Computers can actually “learn.”
The label “Machine Learning” is somewhat of a misnomer. Machines and computers do not actually “learn.” An argument can be made that AI systems can develop the ability to learn through repeated failure and adjustment, but often when we talk about machine learning, we really mean machine training. Models developed by data scientists and machine learning engineers most often do not become better at solving problems in the future by building intuition about the nature of the problem. Parameters are strictly set when developing a machine learning algorithm that check certain conditions and return a result.
Misconceptions About Statistics
Small sample sizes can generate insights in the same ways that large samples can. What is the threshold between “small” datasets and “large” datasets anyways? A small sample for Amazon could be 10,000 transactions (out of 26.5 million transactions per day) while that same number of samples could make up a much larger proportion of books checked out per year at the San Diego Library.
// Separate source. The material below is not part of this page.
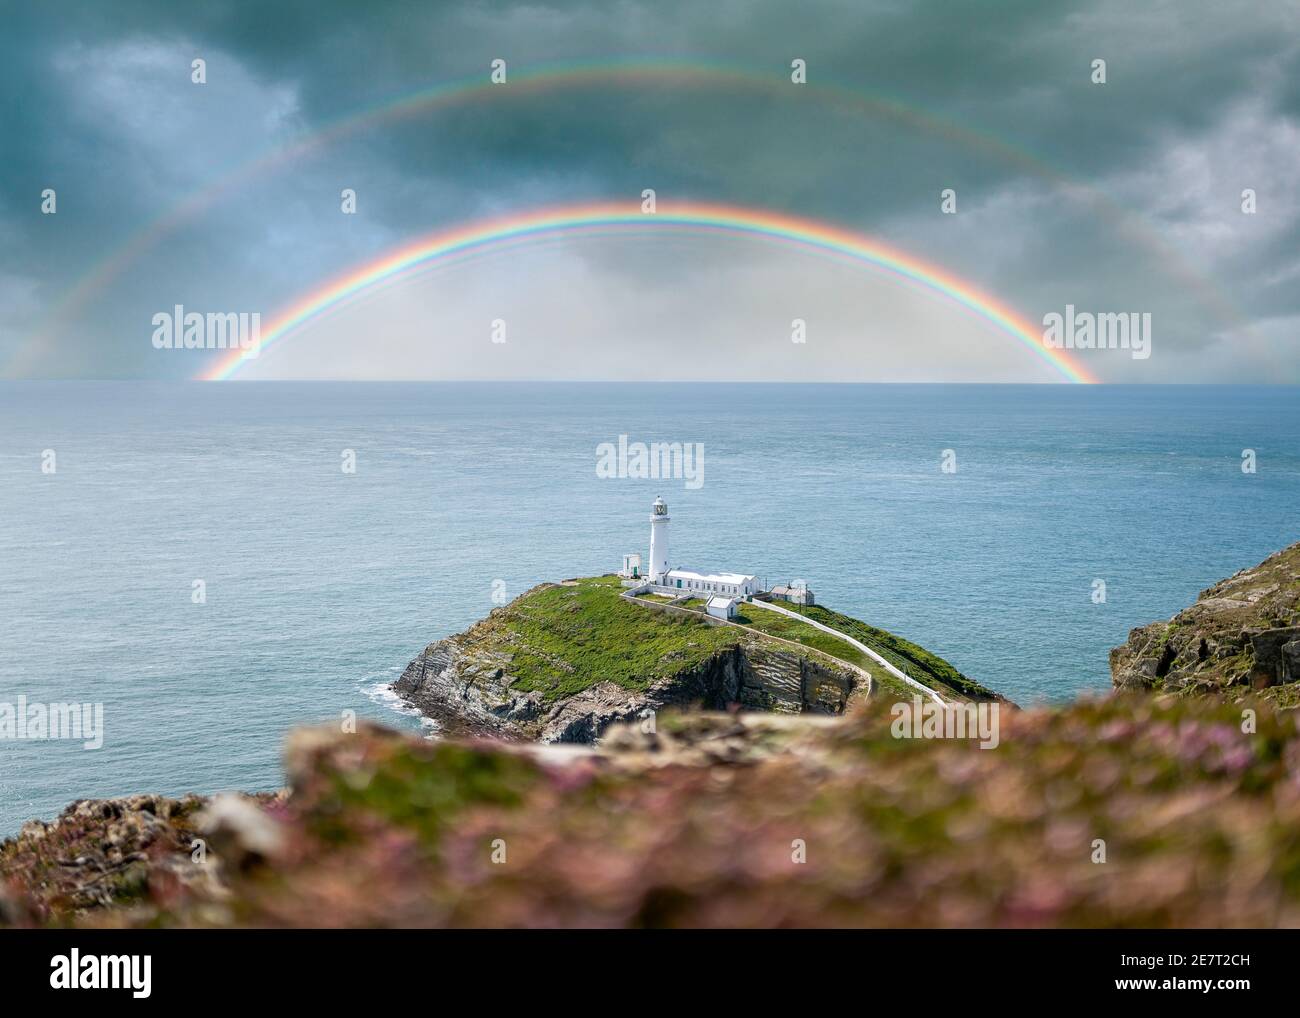 Colorati doppi arcobaleni in mare sopra l'orizzonte dell'oceano con tempesta nuvole cielo drammatico e bianco faro in cima a sud stack isola costa Foto Stock

One example of a statistical test for small sets is Fisher’s exact test. This method of testing independence within samples is preferred when observations number less than 1,000.
Visual representations of data are enough to determine significant differences.
Flashy presentations include visually striking plots and graphs for a reason: they are easily interpretable at a quick glance. However, simply showing a large amount of white space between two bars in a bar chart is not enough to prove the value of a visualization. Without proper scales of reference, differences in color or shape is not enough to demonstrate properly the gravity of results. The pie chart is often singled out as one of the worst ways to display information simply because an observer has no quantitative way to differentiate slices outside of “This looks bigger,” or “Wow! I can’t even see that!”
P-values are crucial for every analysis!
While p-values can be a good way to lend credibility to claims represented by visualizations, they are not the only important outcome of a statistical analysis. P-values can also indicate how incompatible the data is with the developed model. The p-statistic is only used to either reject or fail to reject the null hypothesis with the given information. Simply demonstrating a small p-value says nothing to the strength of a relationship.
Machine learning and statistics are intrinsically linked. However, like when comparing a square to a rectangle, machine learning is always based on statistics, but statistics is not always machine learning. Combining these tools in their base forms can generate in-depth insights from pools of data. However, the machine learning or statistical model is only as good as the practitioner who deployed it. It is important to keep in mind that a comprehensive understanding and familiarity with the data is key to choosing the most appropriate tools for the problem.